2 Replies Latest reply on May 22, 2013 9:51 AM by Fred_Intel

    dxva2 high system memory consumption on Intel HD2500 (i5-3570)


      I'm developing sofware using dxva2 interface to perform hardware decoding of multiple H264 (ModeH264_VLD_NoFGT) video streams on Intel HD graphics' MFX (Multi Format Codec Engine) integrated in Intel Ivy Bridge processors.

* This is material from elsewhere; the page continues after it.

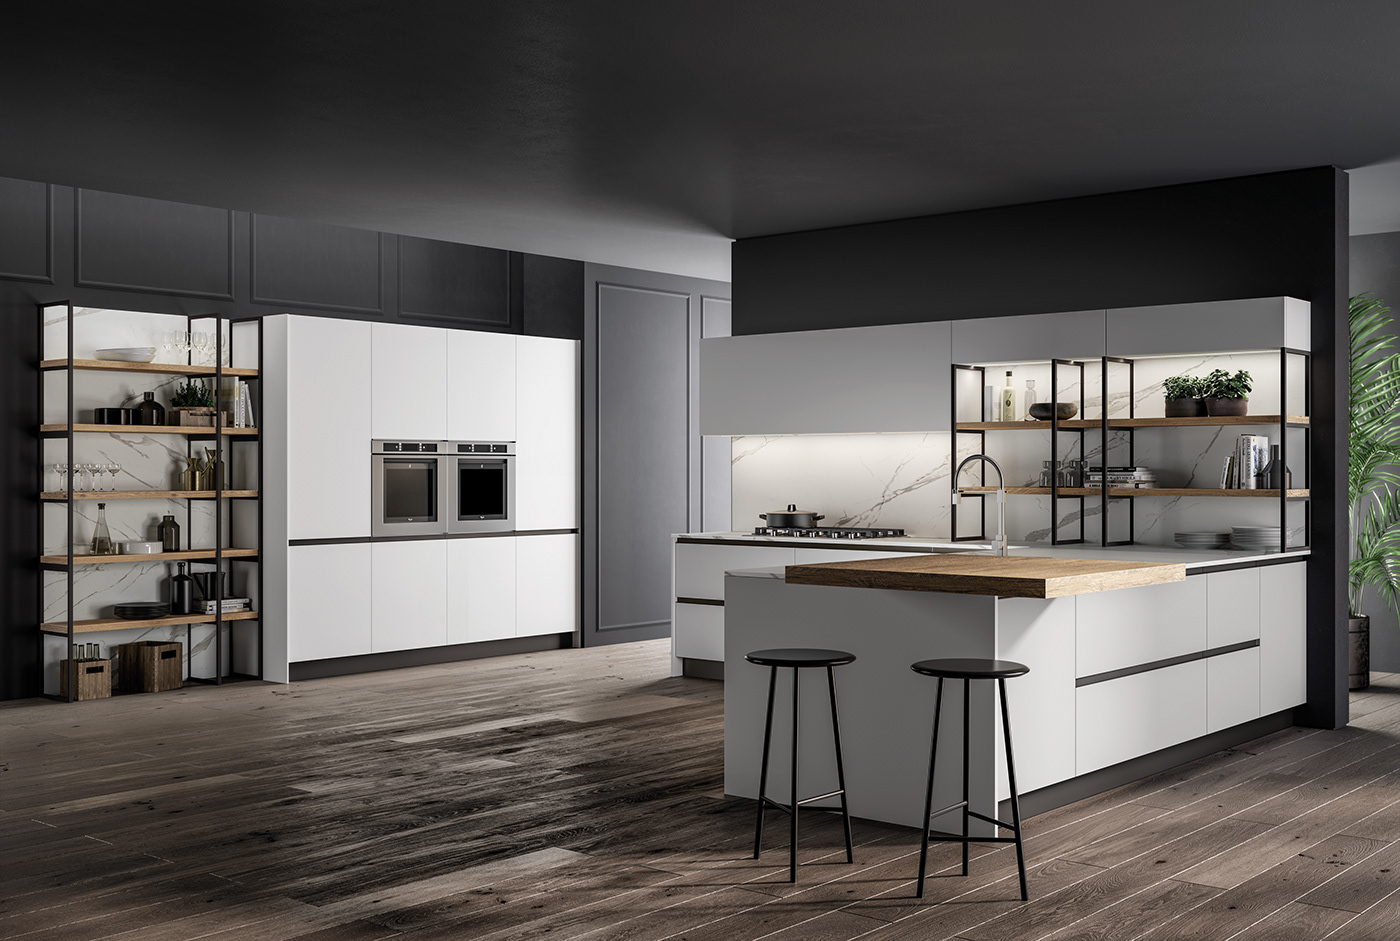 kitchen design inspiration inspiration 2019 Interior modern kitchen new 2019 design 2019

My 32bit program works on Windows 7 64bit OS. I've encountered with very high system memory (virtual memory) consumption by user mode graphic driver igdumdim32: for each instance of dxva2 video decoder device (IDirectXVideoDecoderService::CreateVideoDecoder) igdumdim32 allocates large block of heap memory (tens of megabytes).  Here is stack of allocation:


      0a62e120 770e5673 ntdll!NtAllocateVirtualMemory

      0a62e210 770b3cee ntdll!RtlpAllocateHeap+0xcc3

      0a62e294 17493cd7 ntdll!RtlAllocateHeap+0x23a

      WARNING: Stack unwind information not available. Following frames may be wrong.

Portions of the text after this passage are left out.